Now things are gradually changing, even in surgery. "When I started medical school in 1948," Nina Braunwald recalls, "a woman would think about surgery 116 times and probably decide against it. Today she'll think about it 100 times and feel that there is some possibility of success." Like most women in medicine, Dr. Braunwald finds that acceptance by male colleagues varies. "The more intelligent a male doctor is," she says, "the less he minds."

In self-defense, many woman physicians say that they offer patients qualities that men do not. Family Practitioner Constance Louise Holt of Washington, D.C., feels that "women understand the non-medical problems that bring patients to doctors' offices." Mary Allen Engle, chief of pediatric cardiology at New York Hospital, also points out that being a mother has helped her in treating children. Her specialty--caring for those with congenital heart disease--is a relatively new field that was begun by another woman doctor, Helen Taussig, who was Dr. Engle's mentor in the 1940s. Until then, says Dr. Engle, "these kids were being written off. Now we can do something to help, and this is very gratifying."
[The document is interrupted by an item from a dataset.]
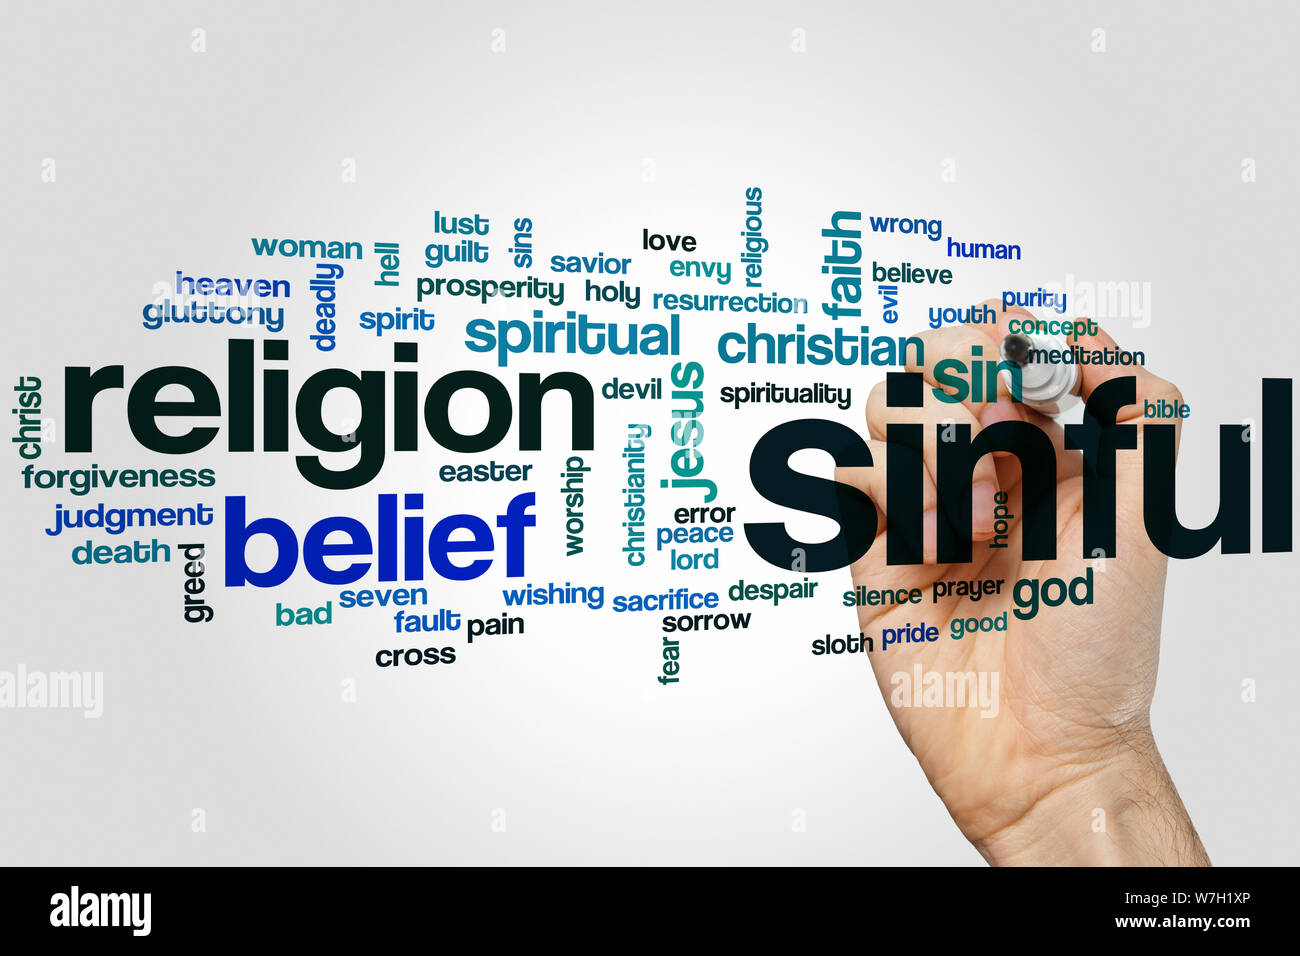 Sinful word cloud concept with religion sin related tags Stock Photo
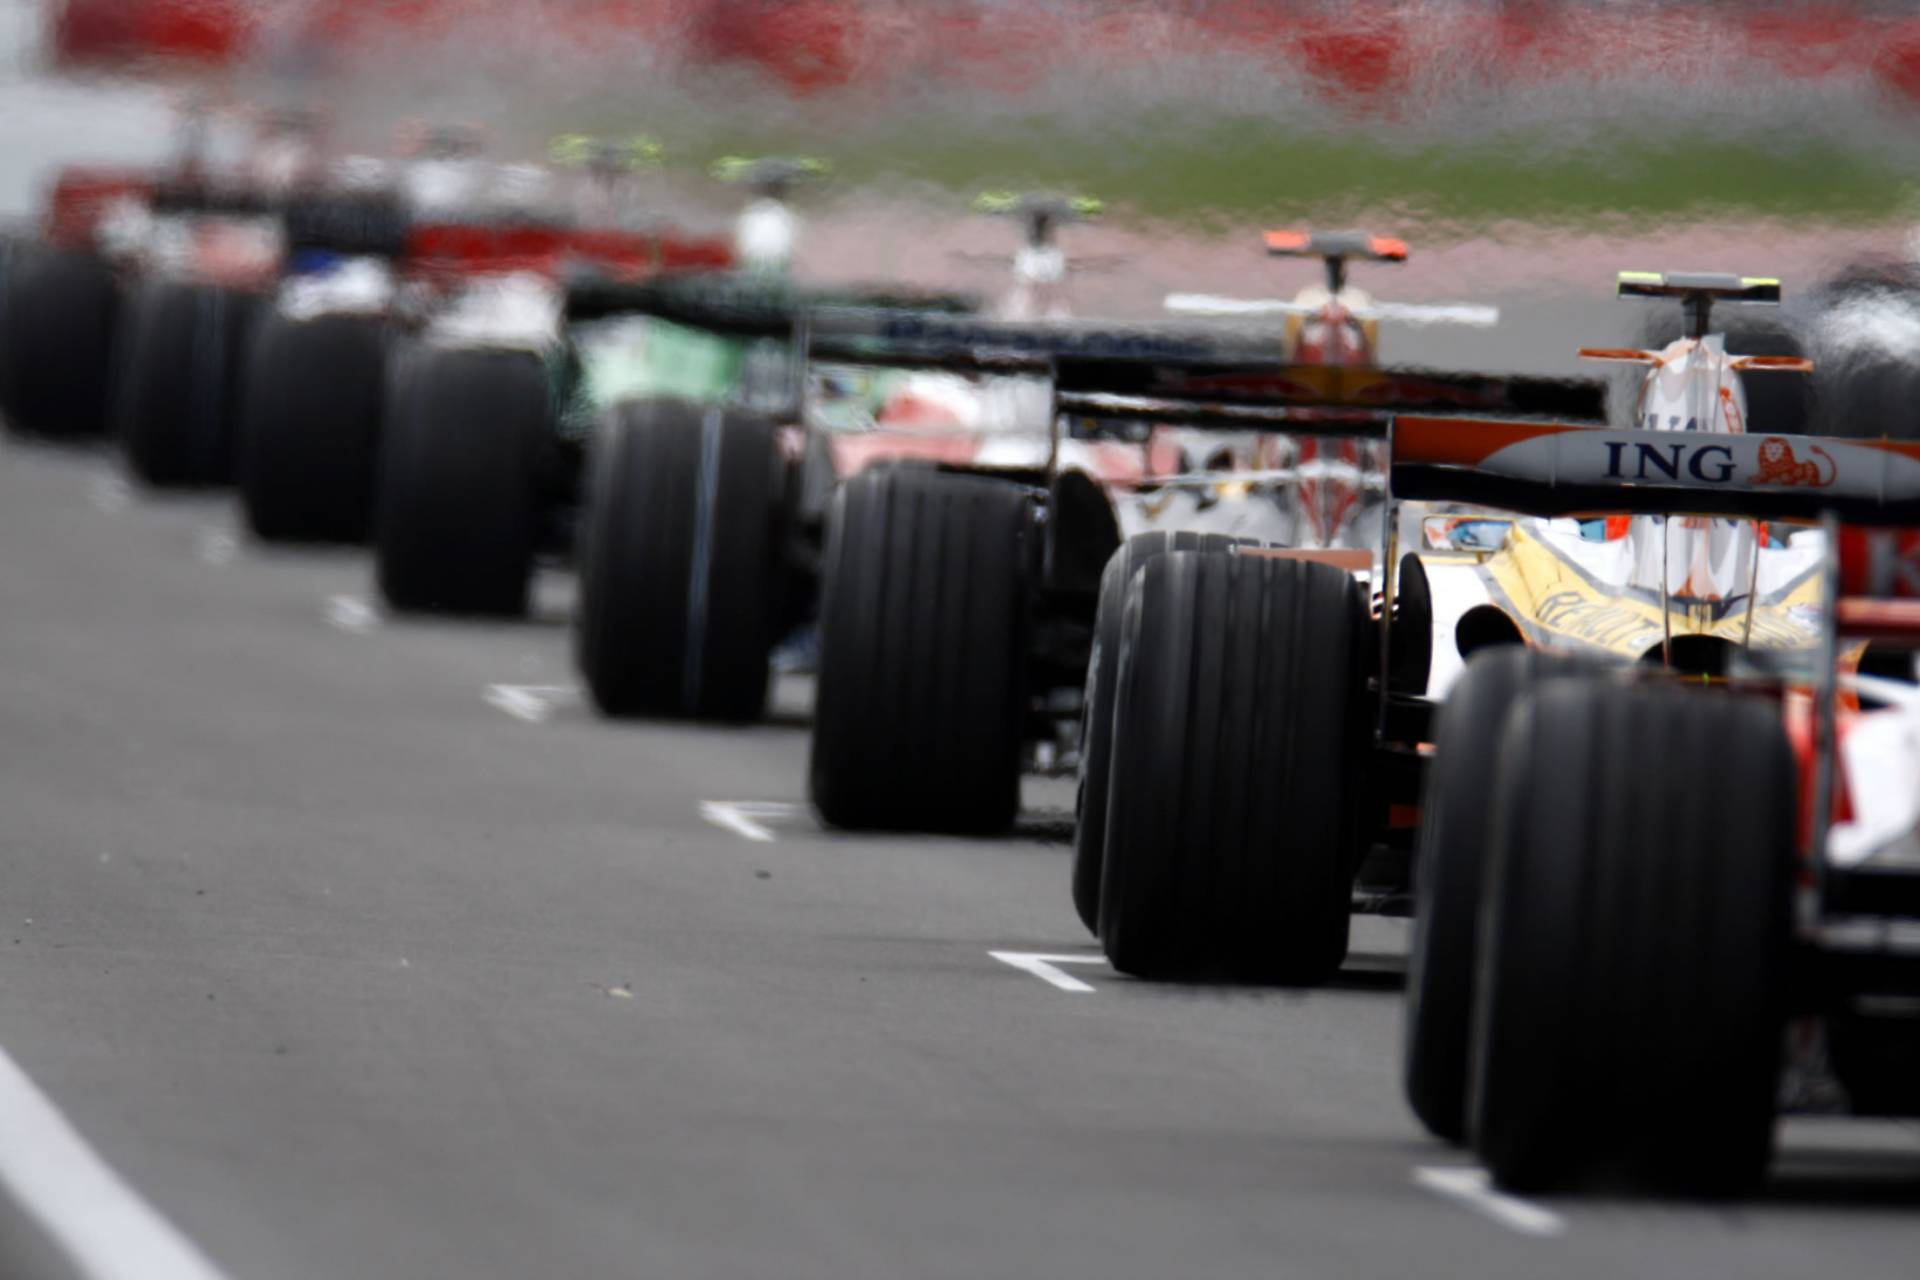 Over 50 Formula One Cars F1 Wallpapers in HD For Free Download

The Engle prescription for how a female doctor gets ahead is succinct: "By being more qualified than a man." That statement may sound like feminine chauvinism, but patients who balk at being cared for by a woman might consider what they are missing. To get her degree, to complete her residency, to earn specialty certification, the typical woman doctor of today had to show more determination and skill than her male counterpart.

*Then a student at Columbia University College of Physicians and Surgeons, Engleman arranged to have each person interviewed at length on his or her feelings toward man and woman physicians. Though all clinic patrons, the patients included college-educated middle-class people as well as the poor. These findings are excerpted from Engleman's unpublished study.